/Фестиваль театров танца Цех/
.
Был
чудный июньский день.
На полу сцены лежала синяя тонкая грампластинка.
Танцовщица встала на нее босыми ногами.
Послышалась музыка.
Танцовщица сошла на пол.
Музыка прекратилась.
Танцовщица снова ступила на пластинку и снова заиграла музыка.
Танцовщица повернулась и музыка поплыла искаженная в другую тональность.
Спустя полгода я снова оказалась на нескольких спектаклях одного из театров танца. Артисты театра переводили на язык жестов идеи слепого художника, живущего в Испании и рассылающего свои структуры по почте друзьям со всего мира.
Становилось
холодно. Я приходила на спектакли и наблюдала, как актеры театра танца представляют
игру светом в темноте.
Театров было несколько, хотя в моем воображении они давно уже сложились в единое целое. Все они так или иначе связаны с объединением театров танца Цех.
Однажды
я уже пыталась написать о нем. Увы, статья так и не была завершена. Вместо того
чтобы описывать необычное явление средствами, которые были бы наиболее близки
и сродни ему самому - метафора, легкий намек, многозначие, туманная загадка,
- был смастерен какой-то громоздкий чертеж, который никак не складывался в форму
статьи, не раскладывался на части, с трудом давался к прочтению и пониманию
даже самим автором.
В частности, в этой странной и путаной статье должны были фигурировать удивление
и школа киников, язык и словарь жестов, чувство юмора и абсурд. По тексту расхаживал
Диоген Синопский со своими знаменитыми акциями, очень напоминающими современное
искусство, тут и там попадались идеологи дада и хипхопа вперемежку с весьма
путаными намеками на философию, на греческую философию в частности. Все вместе
было поистине страшно. Сложно было бы (и, пожалуй, небезопасно) бродить по такой
статье, как по запыленным театральным кулисам, среди старых декораций, где в
беспорядочную кучу навалена бутафория.
Причина
очень проста. Я пыталась описать настоящий театр.
Совершенно новый и одновременно древний, как мир. Наполненный лепетаньем зарождающихся
форм и, как и положено настоящему театру, общающийся со зрителем посредством
несловесного языка.
Представляется совершенно естественным, что этот настоящий (в идеальном смысле) театр случайным образом является к тому же странствующим театром. У него нигде нет своего здания. Но вспомним о представлениях средневековых странствующих театров и тогда нам это представится хоть и печальным, но вполне естественным явлением, особенно если вспомнить к тому же напоминающее о средневековье название – Цех.
Самый дух истинной архаической условности, детской игры и странной загадки – думаю, именно оттуда, из архаического периода существования театра. Это сердцевина каждого представления Цеха из тех, что я видела.
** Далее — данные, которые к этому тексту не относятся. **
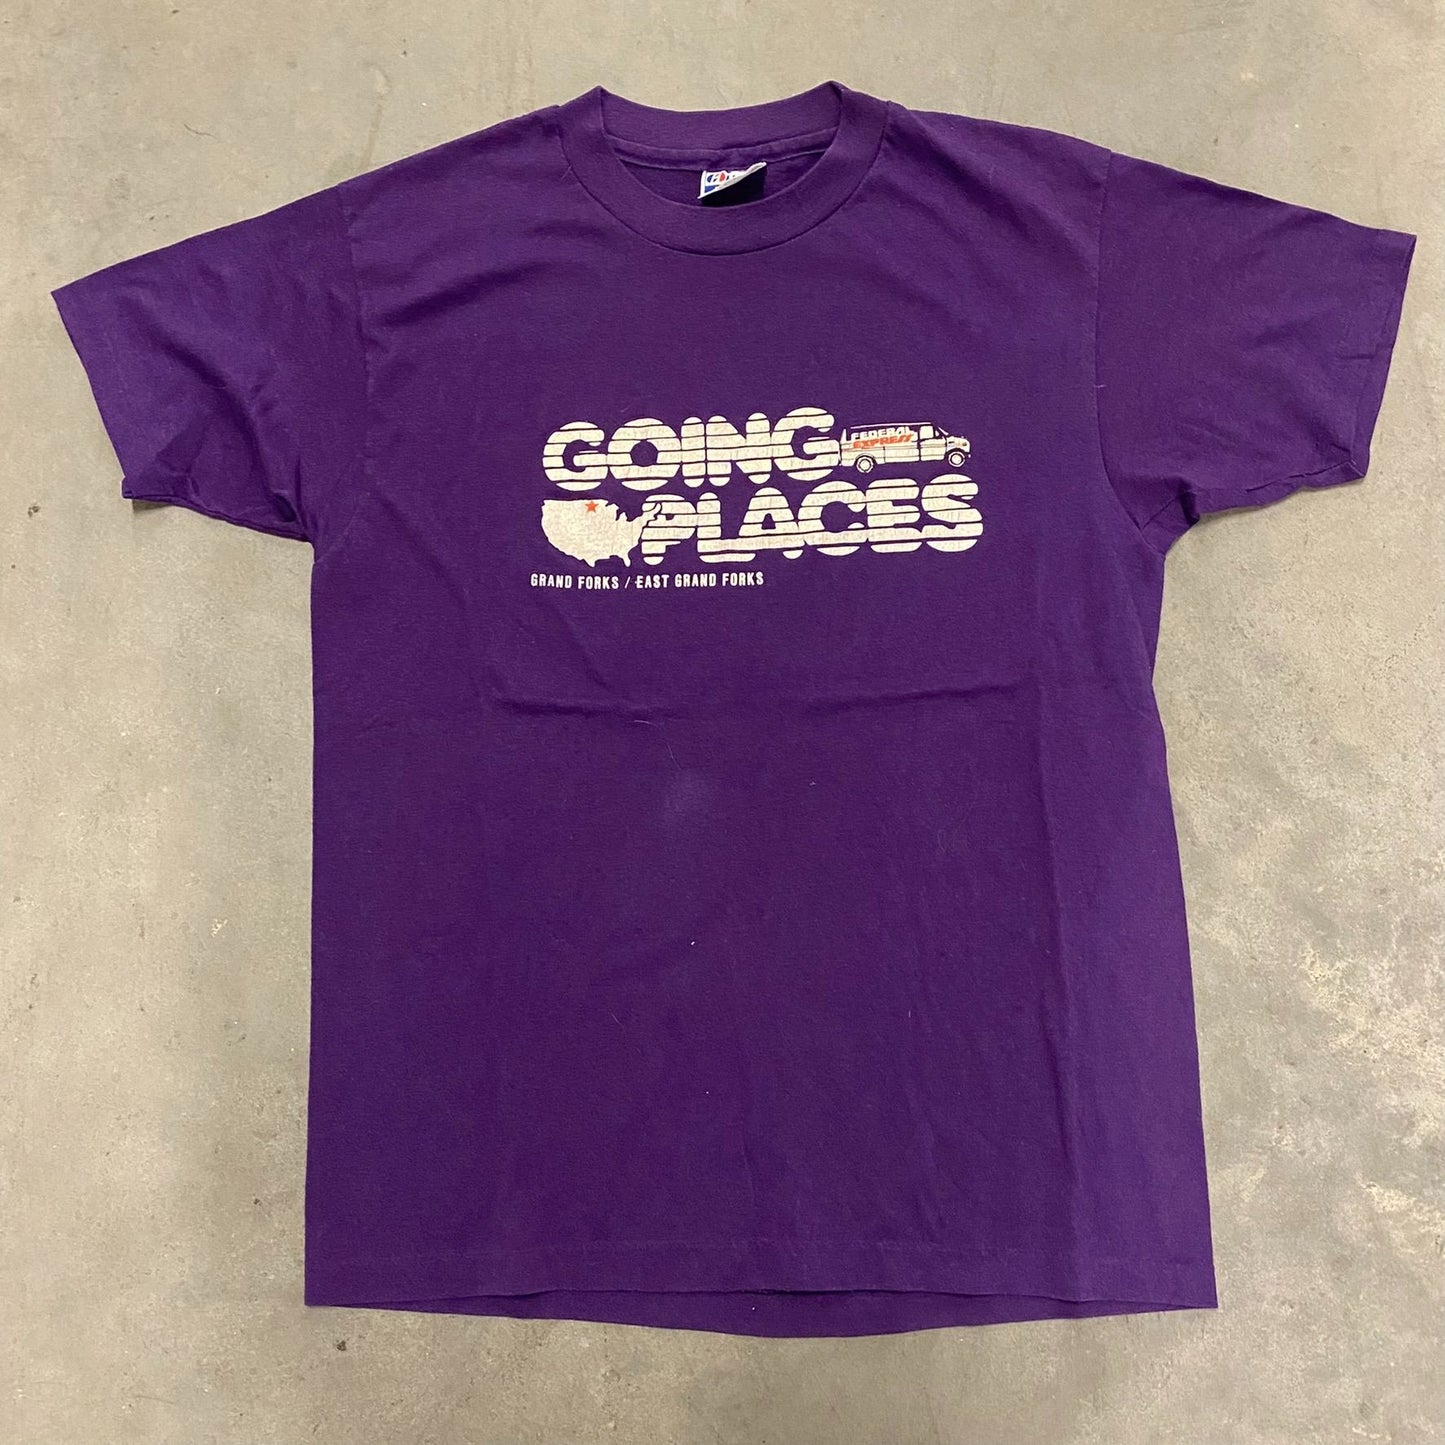 FedEx Going Places Vintage T-Shirt

Оттуда же вырастает ряд типичных театральных приемов, которые характерны для старинных, в том числе уличных (странствующих) театров – буффонада, заигрывание со зрителем. Комедия поверх трагедии.
Тем интереснее, что над этой архаичной сердцевиной выстроено несколько этажей самых ультрасовременных ходов, блестящих трюков и изобретений, изложенных на языке современного танца. (Без типичных театральных “штучек” театр неинтересен, как говорил в своих лекциях 1918-1919 гг. В.Э. Мейерхольд, автор проекта о Цехе мастеров сценических постановок – организации, судьба которой мне неизвестна).
Такова
внутренняя архитектура театра танца.
Слои и этажи в ней иногда противоречат друг другу, иногда переходят один в другой
или маскируются один под другой, создавая впечатление одновременно изысканной
сложности и предельной простоты. Думаю, что природа мерцания смысла в цеховых
спектаклях кроется именно в этом.
Безусловно,
удовольствие от таких представлений требует особого подхода, в котором и зритель
должен быть эстетом и артистом.
Поэтому характерно, что лишь однажды найденная мной жесткая критика в адрес
театра принадлежала, по-видимому, не очень образованному рецензенту. Насколько
я помню, один из жителей наших городов, побывав на представлении, с которым
приехал к ним театр, возмущался его театральной техникой. Суть обвинений сводилась
к тому, что в этом театре актеры используют условность и юмор. По-видимому,
зритель не шел особенно далеко вглубь веков театральной истории и просто не
подозревал о существовании какой-то иной театральной традиции кроме Системы
Станиславского. Кроме того, он к тому же (учитывая название - "театр танца")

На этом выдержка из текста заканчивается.